The eyes of investors will now be on Asian markets to see whether the investor panic spreads. If that happens, European and US markets could face another round of sell-offs.
The first stock market to open the new trading day in the Asia-Pacific region, New Zealand, saw key share prices plunge nearly 3% during the first hour.
'Sense of panic'
Investor sentiment on Wall Street was also knocked by figures showing that US growth may be slowing down more than anticipated, with a government report earlier showing that orders for durable goods in January had dropped by the largest amount in three months.
"As the afternoon has progressed, there seems to be a sense of panic among some professional investors," said Andre Bakhos, president of Princeton Financial Group.
"There seems to be just an air of nothing is safe anymore, there's nowhere to go and people are rotating into bonds as a safe haven."
China has been one of the main emerging markets for many investors as the country's economy has grown strongly and the government has sold stakes in some of its biggest and most attractive companies.
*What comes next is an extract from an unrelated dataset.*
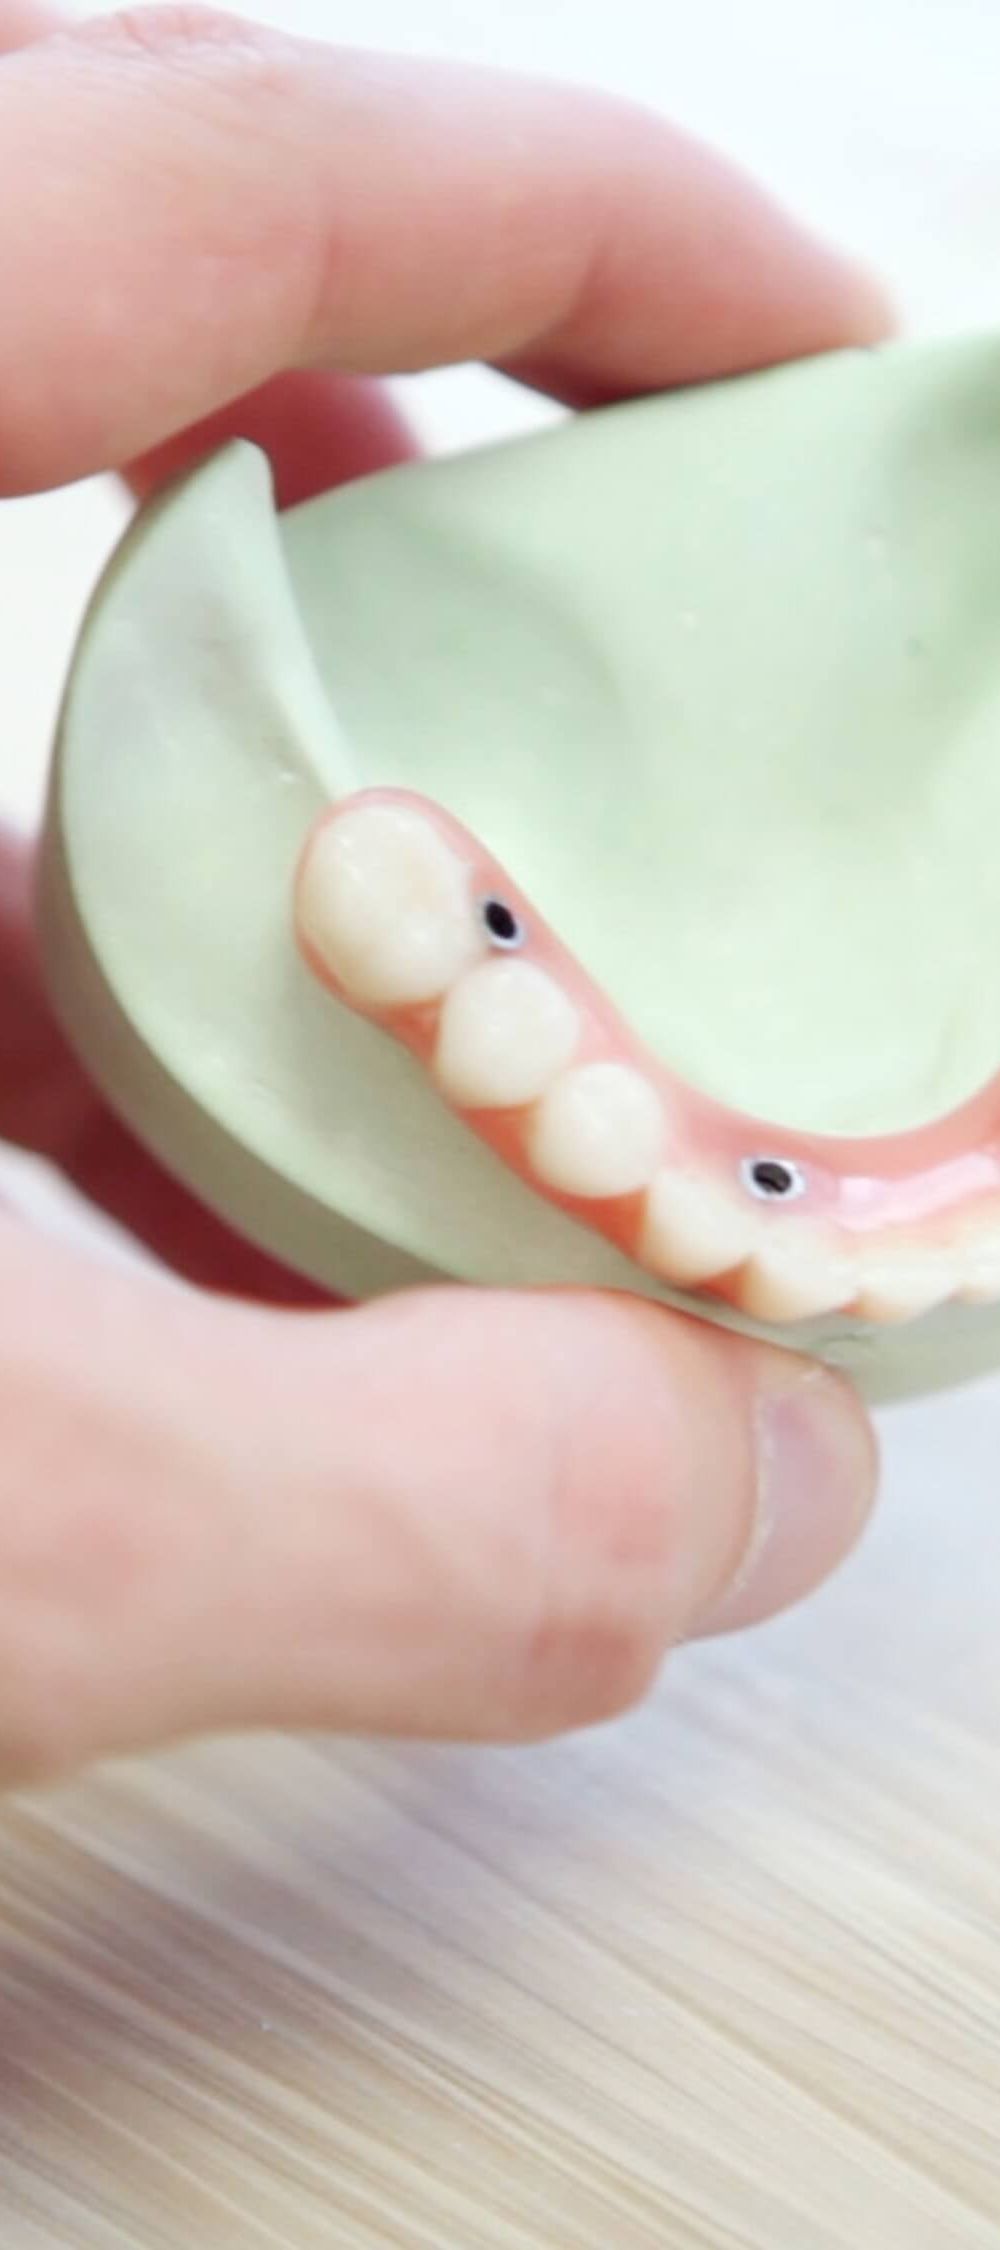 Avantatges de la pròtesi dental híbrida

However, the government has been looking at ways of slowing growth in order to stop the economy from overheating, and many investors are worried that it may lead to tougher regulations that will limit stock-market investment.
At the same time, there are concerns that interest rates will have to be raised in order to rein in economic and price growth, further denting domestic demand for shares.
"Foreign companies which are particularly exposed to China have been badly affected," said Peter Dixon, an economist at Commerzbank.
"These companies basically will suffer in the event of things going sour in the Chinese market."
Standard Chartered, a lender that focuses on emerging markets, was one of the biggest UK decliners on Tuesday despite reporting earnings that topped analysts' forecasts.
Standard Chartered was down 4% at 1,450 pence.
Digging down
Also hurting UK shares was a newspaper report that South Africa may consider asking companies in the mining industry to pay an extra tax.
The news hit shares of mining firms, with Xstrata losing 6.7%, Vedanta Resources shedding 4.9%, Anglo American down 4.7%, BHP Billiton falling 6.2%, and Rio Tinto sliding 4.8%.
South African newspaper Business Day said the government may ask mining companies to pay an additional tax on top of the royalties they already pay when commodity prices climb above a certain level.
Commodity prices have climbed to record levels in recent months.